[Work to complete] Scan the records below for the line with "Octopus body.STL Download" and the line with "Plex Live TV". Repeat those two lines and every line between them exactly, and nothing else.

[Task data]
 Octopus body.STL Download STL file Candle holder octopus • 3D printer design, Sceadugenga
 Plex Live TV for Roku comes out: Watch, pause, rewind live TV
--
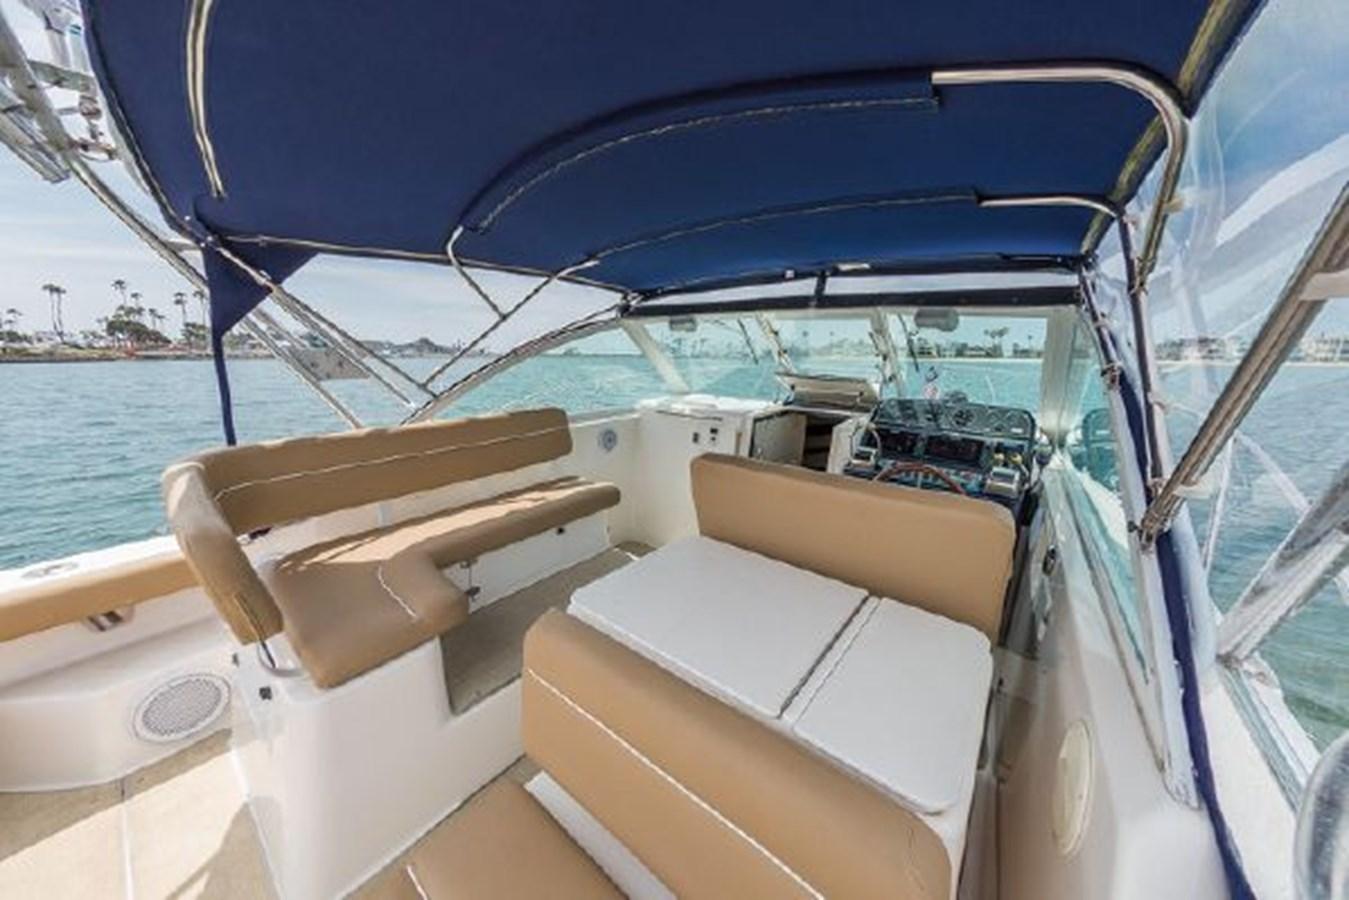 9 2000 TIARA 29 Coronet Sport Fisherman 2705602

[Completed task]
 Octopus body.STL Download STL file Candle holder octopus • 3D printer design, Sceadugenga
 Plex Live TV for Roku comes out: Watch, pause, rewind live TV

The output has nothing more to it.